HILDA  GONZÁLEZ NEIRA  

Magistrada  ponente  

STC13061-2023  

Radicación  n.º 11001-02-04-000-2023-01650-01  

(Aprobado  en Sala de veintidós de noviembre de dos mil veintitrés)  

Bogotá,  D.C., veintitrés (23) de noviembre de dos mil veintitrés  (2023).  

Desata  la Corte la impugnación del fallo proferido el 24 de agosto de  2023 por la Sala de Casación Penal de la Corte Suprema de  Justicia, en la tutela que Neys Wilder González Martínez  instauró contra la Sala Penal del Tribunal Superior del  Distrito Judicial de Antioquia, extensiva a los demás  intervinientes en el consecutivo 05837-60-00-499-2002-00220.  

ANTECEDENTES  

1.-  El  libelista invocó la protección de los derechos al  «debido  proceso, igualdad y acceso a la administración de justicia»,  para que se  ordenara a la Corporación querellada resolver el «recurso  de apelación»  que interpuso desde el 11 de agosto de 2017 en el asunto de la  referencia.  

En  compendio adujó que el Juzgado Segundo Penal del Circuito con  Funciones de Conocimiento de Turbo lo condenó a 12 años  de prisión como responsable del delito de acceso carnal  violento (11 ag. 2017), por lo que se encuentra privado de la  libertad en el Centro Penitenciario de Mediana Seguridad de Apartadó  (Antioquia).  

Interpuso  recurso de apelación y el expediente se envió a la Sala  Penal del Tribunal Superior de Antioquia, quien lo recibió  desde el 21 de septiembre de ese año, sin que a la fecha lo  haya resuelto.  
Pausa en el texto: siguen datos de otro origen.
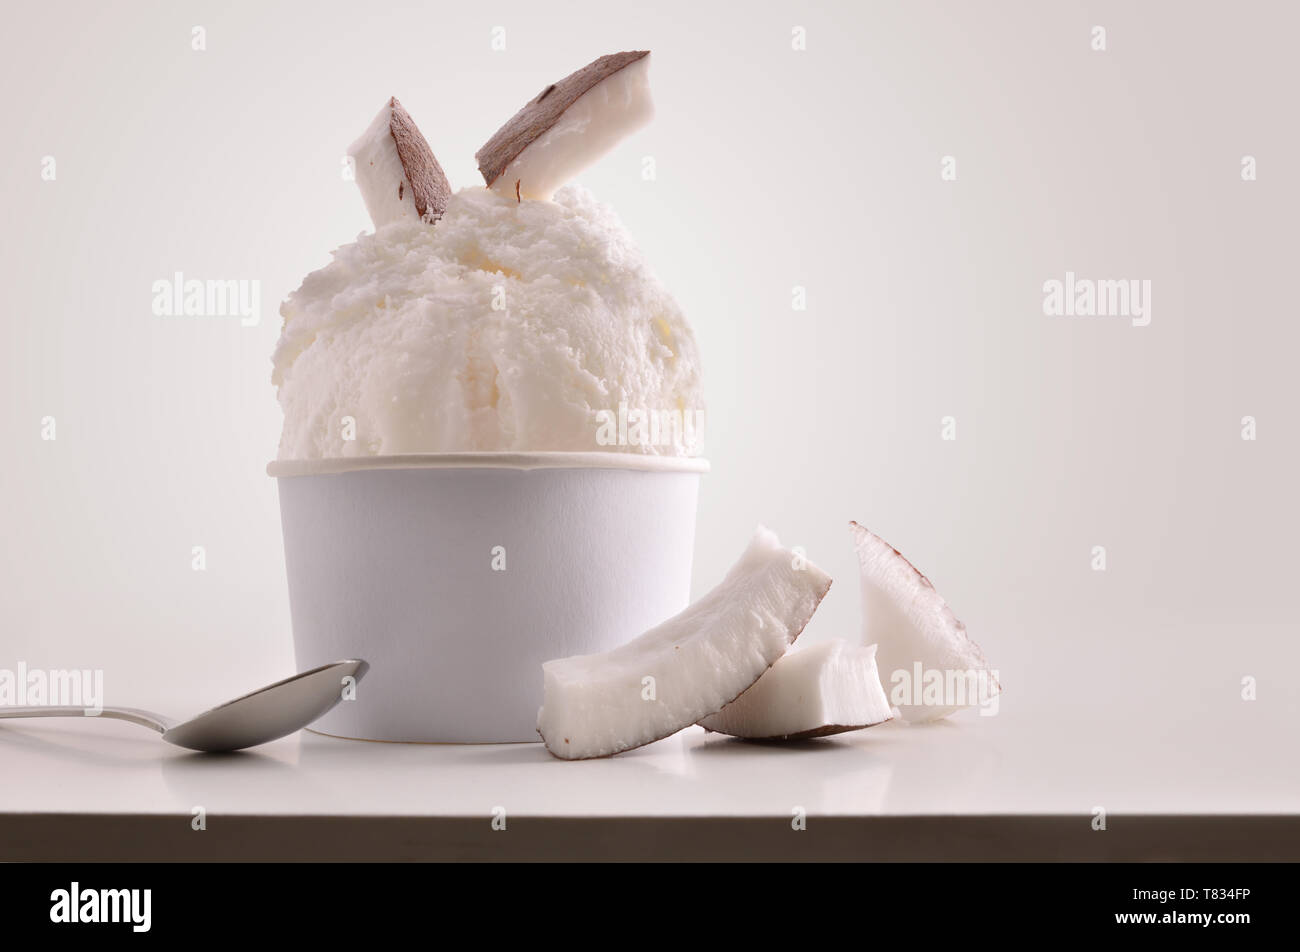 Ice cream balls in paper cup isolated on white background Stock Photo -  Alamy

En  razón a ello, promovió una primera «acción  de tutela»,  negada por la Sala de Casación Penal (STP1181-2023, 14 feb),  pero, al persistir la misma situación radicó esta (10  ag.), toda vez que «han  transcurrido 5 años, 10 meses y 15 días físicos»  sin solución, a pesar de haber elevado varias solicitudes a la  Magistratura reprochada, donde le siguen dando la misma respuesta,  que «existe  mucha carga laboral».  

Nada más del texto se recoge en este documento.